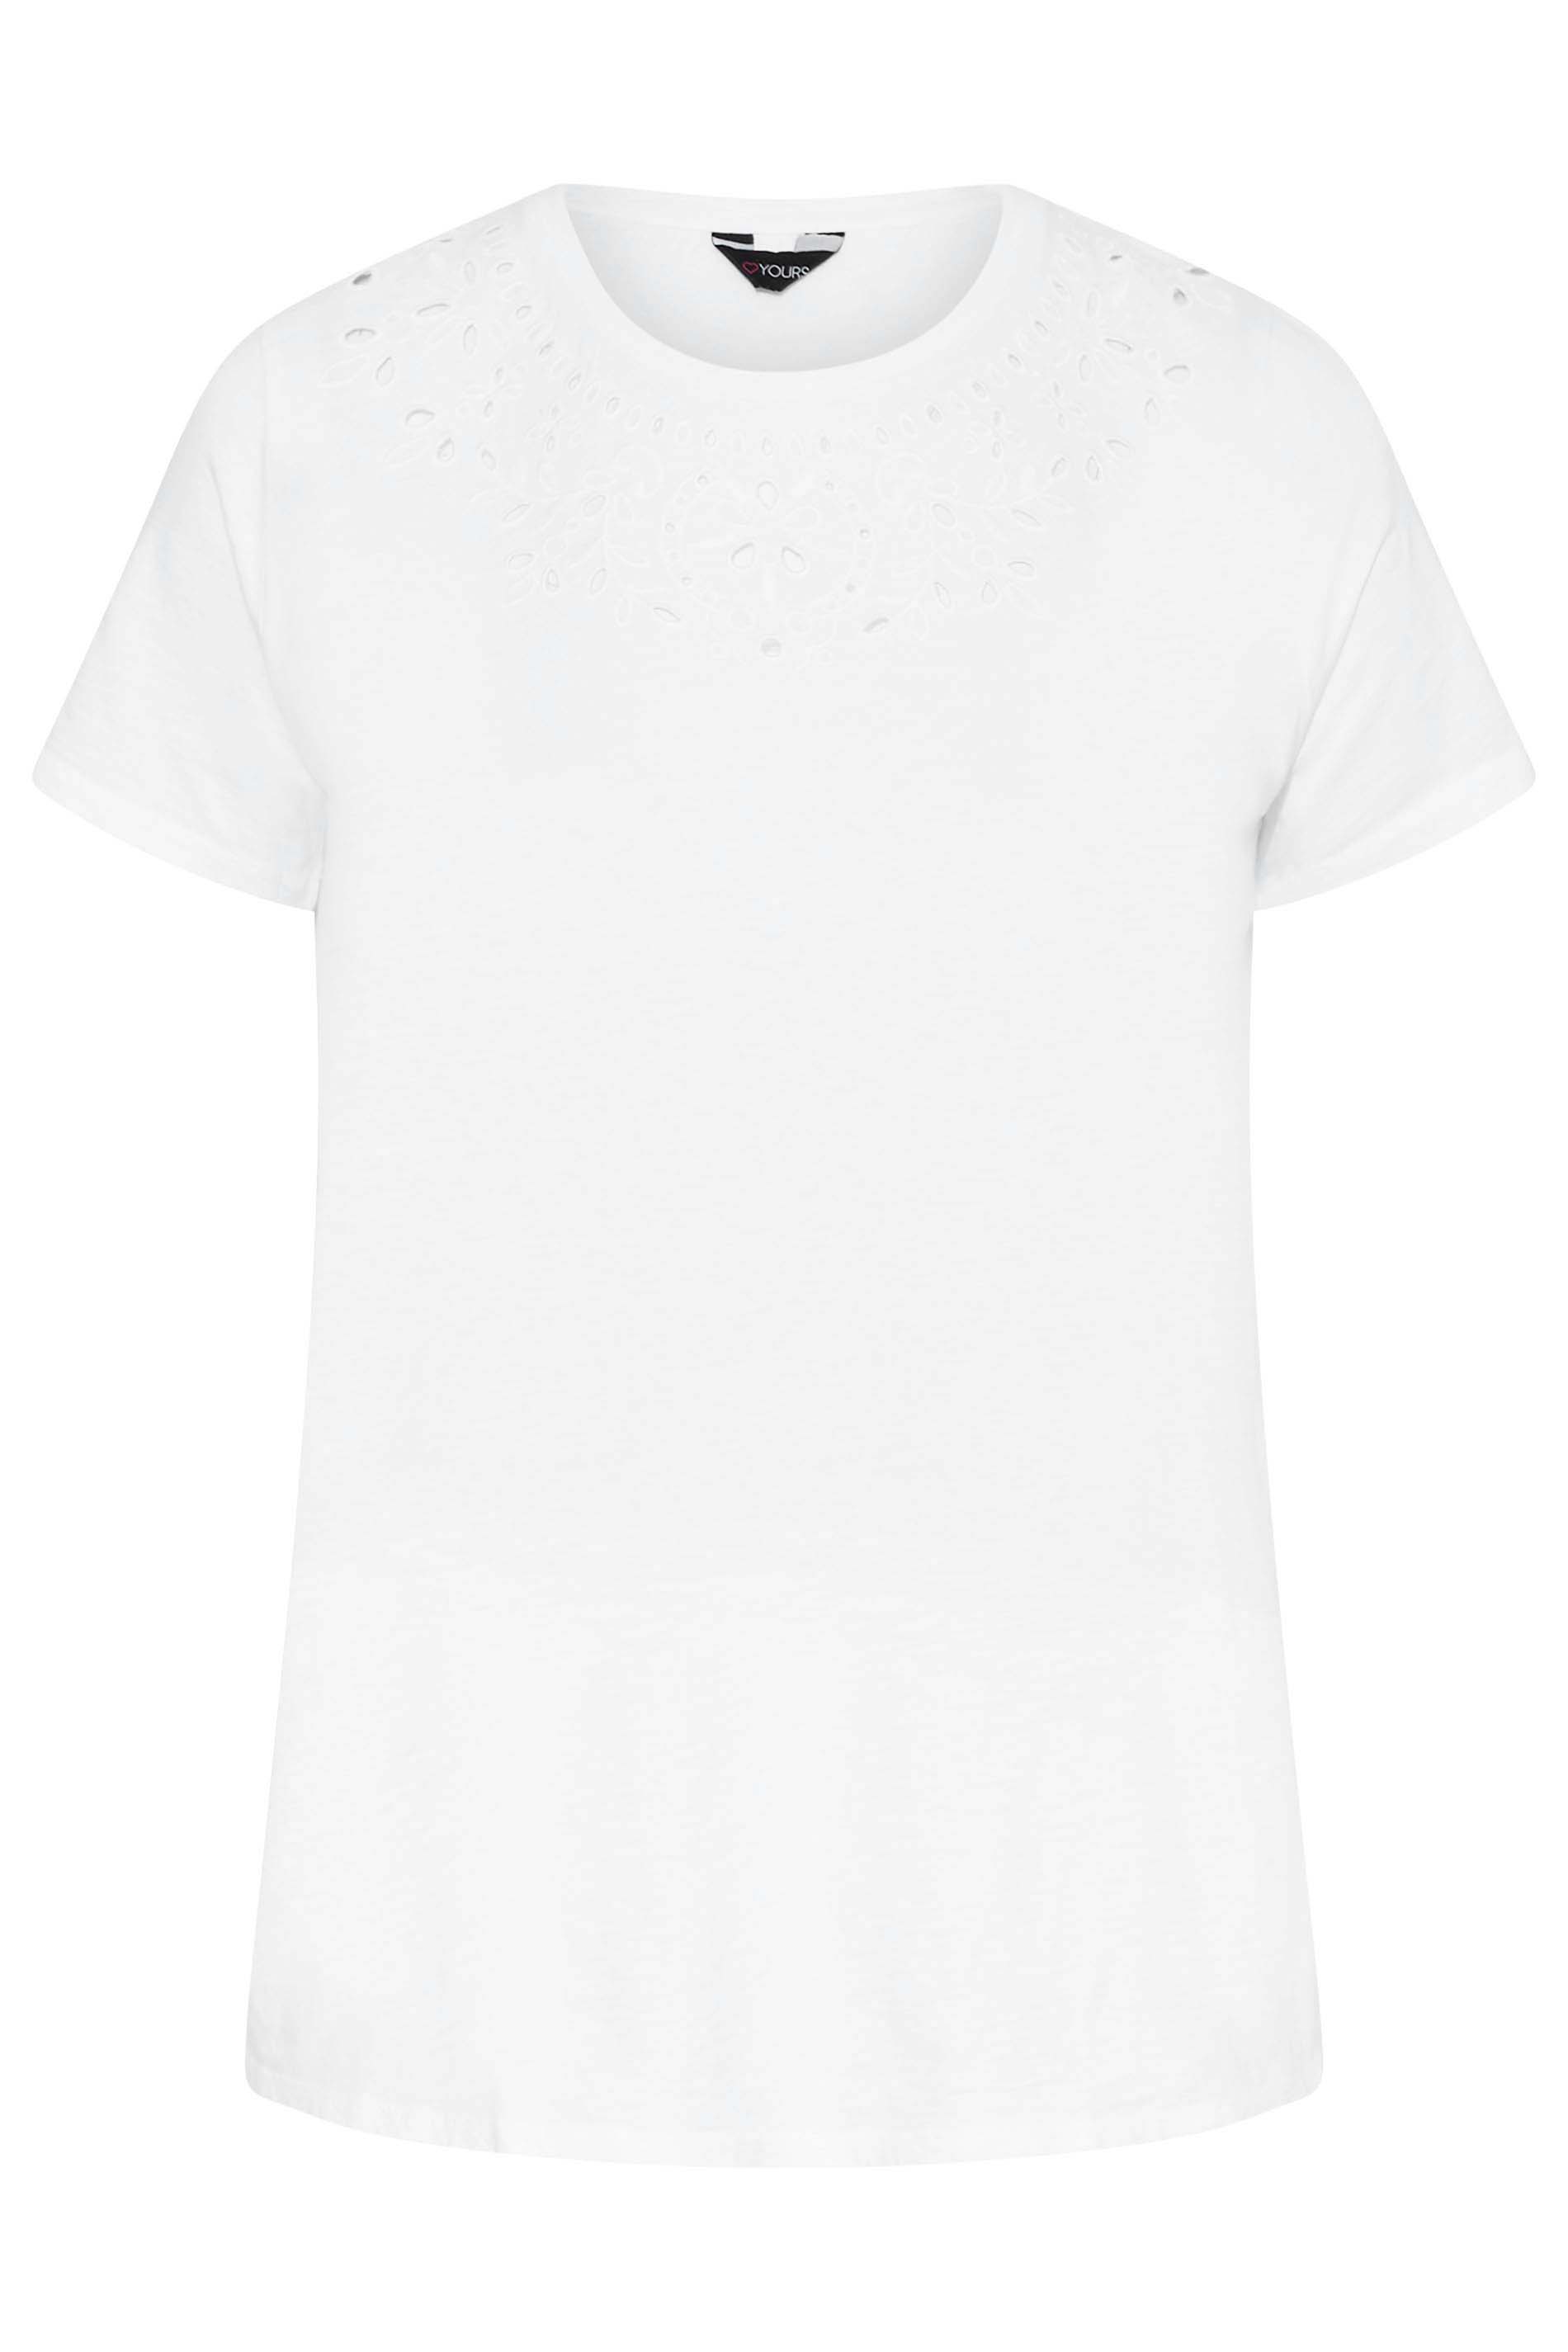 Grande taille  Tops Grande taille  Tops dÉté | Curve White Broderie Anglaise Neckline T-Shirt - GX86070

==

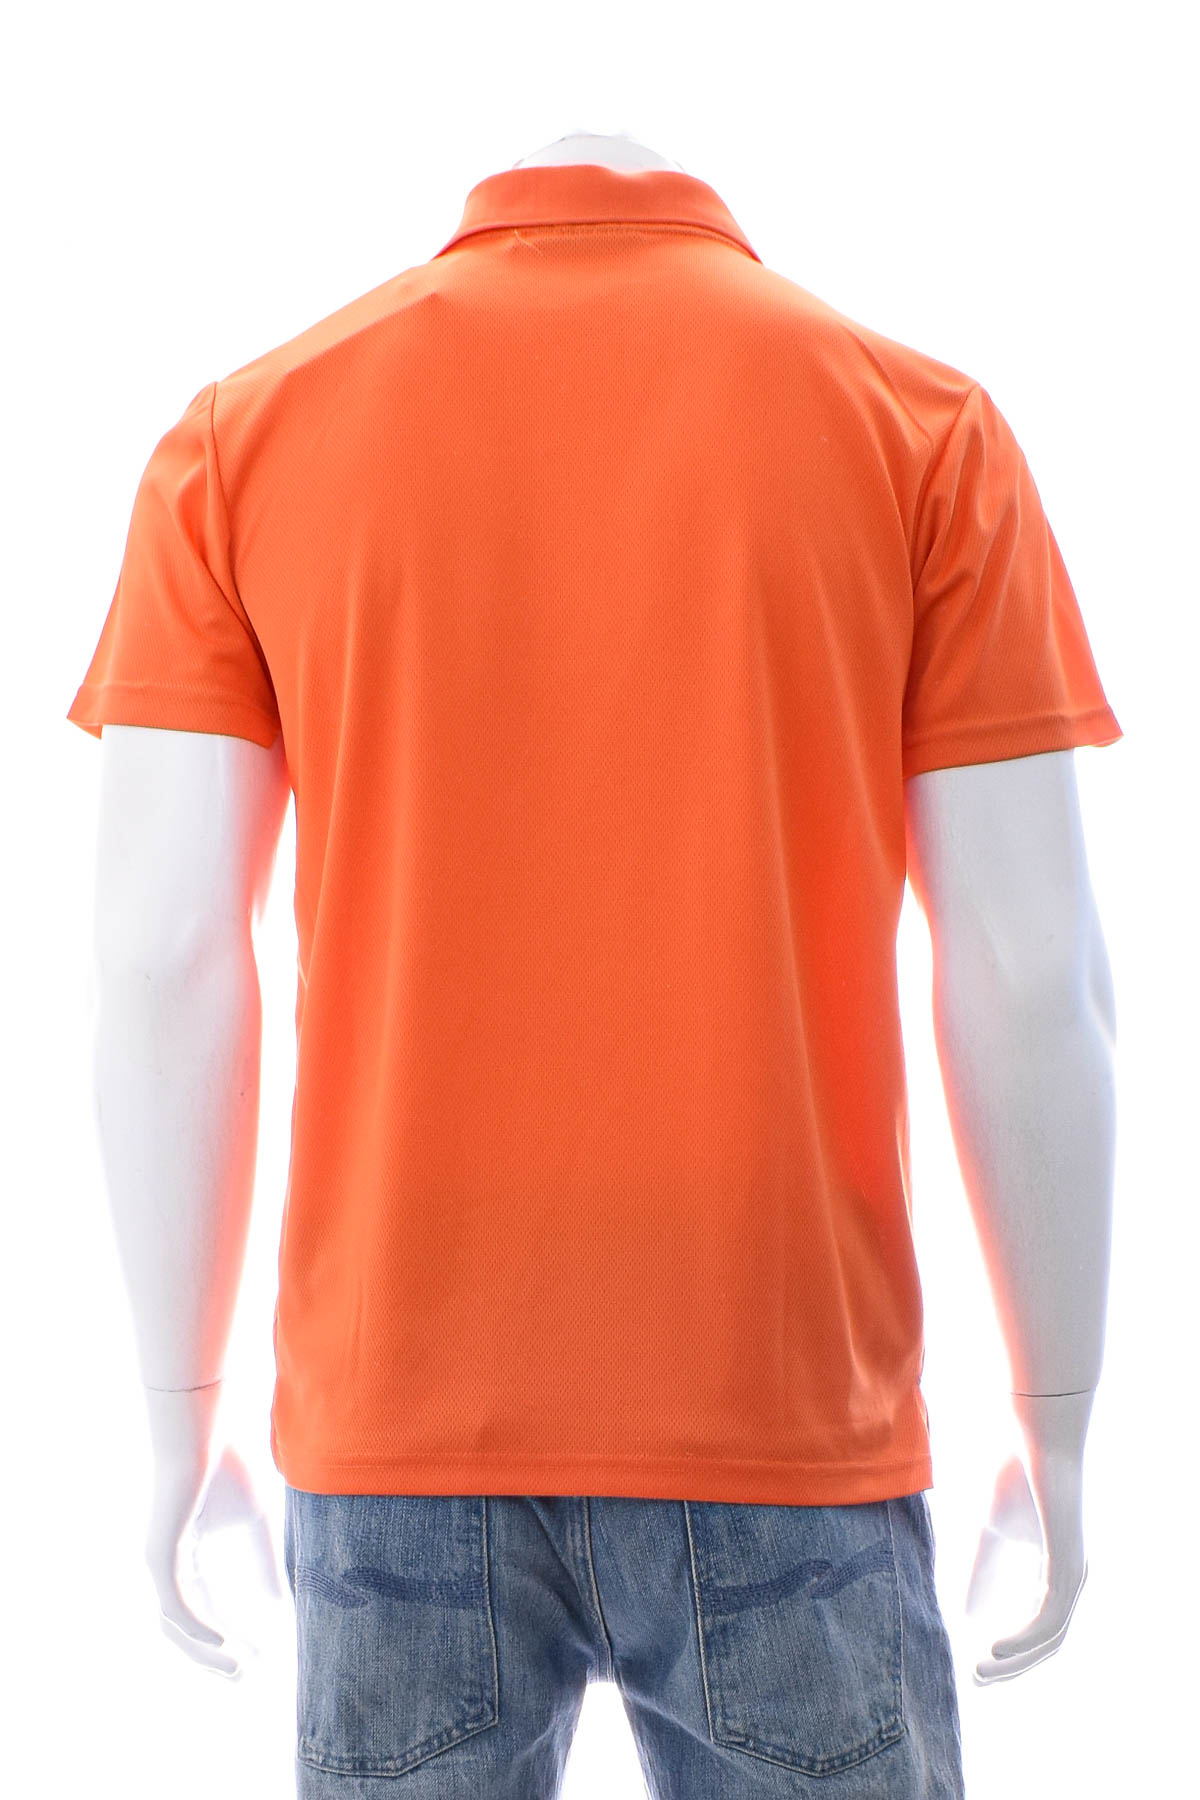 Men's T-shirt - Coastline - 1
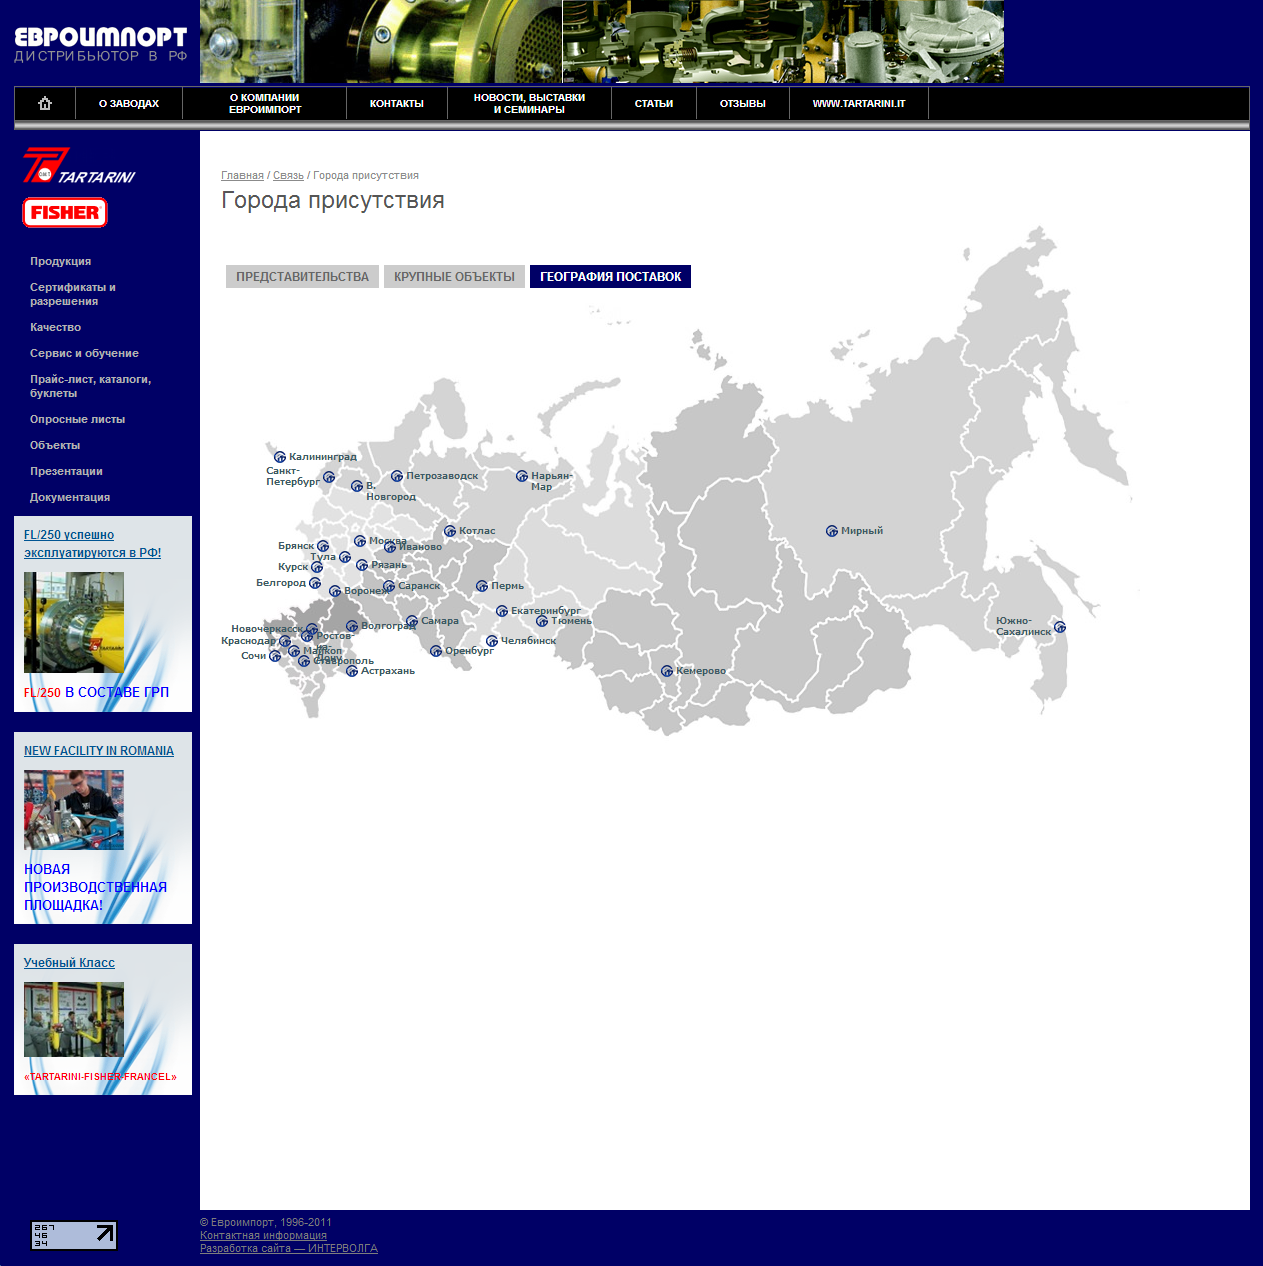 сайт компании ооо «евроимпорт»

...

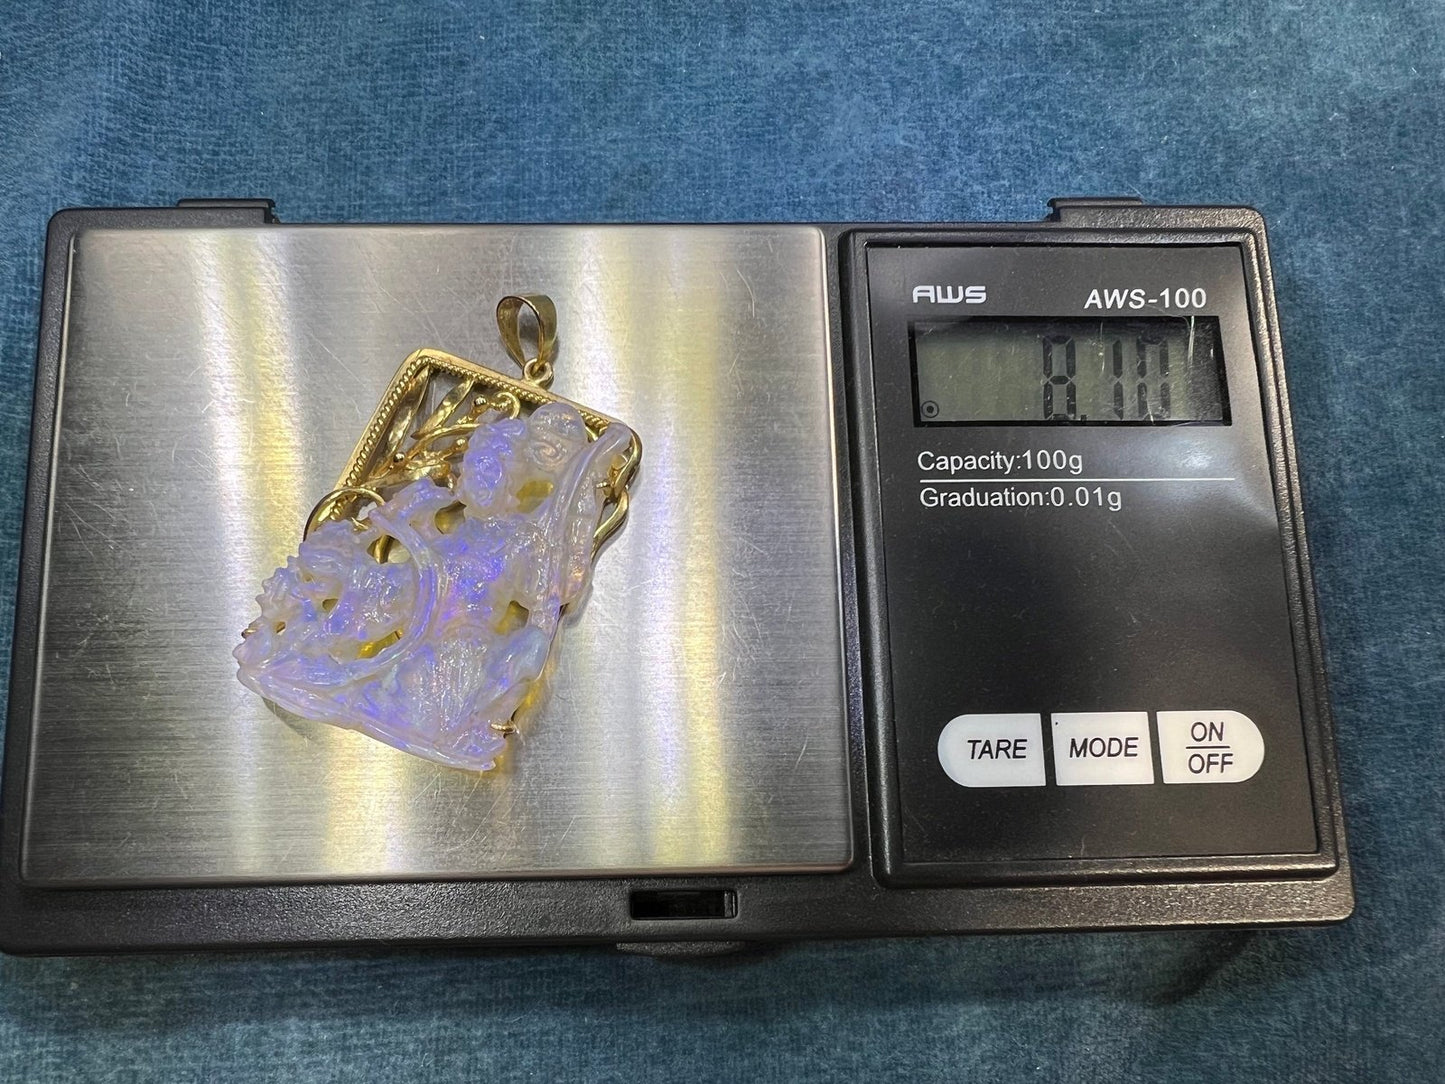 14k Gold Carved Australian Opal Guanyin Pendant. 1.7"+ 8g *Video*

> REQUIRED WORK:
Using the data above, which lines fall from the one with "Men's T-shirt - Coastline - 1" through the one with "сайт компании ооо"? Repeat them exactly, ends included, minus any pictures.

> PROBLEM SOLUTION:
 Men's T-shirt - Coastline - 1
 сайт компании ооо «евроимпорт»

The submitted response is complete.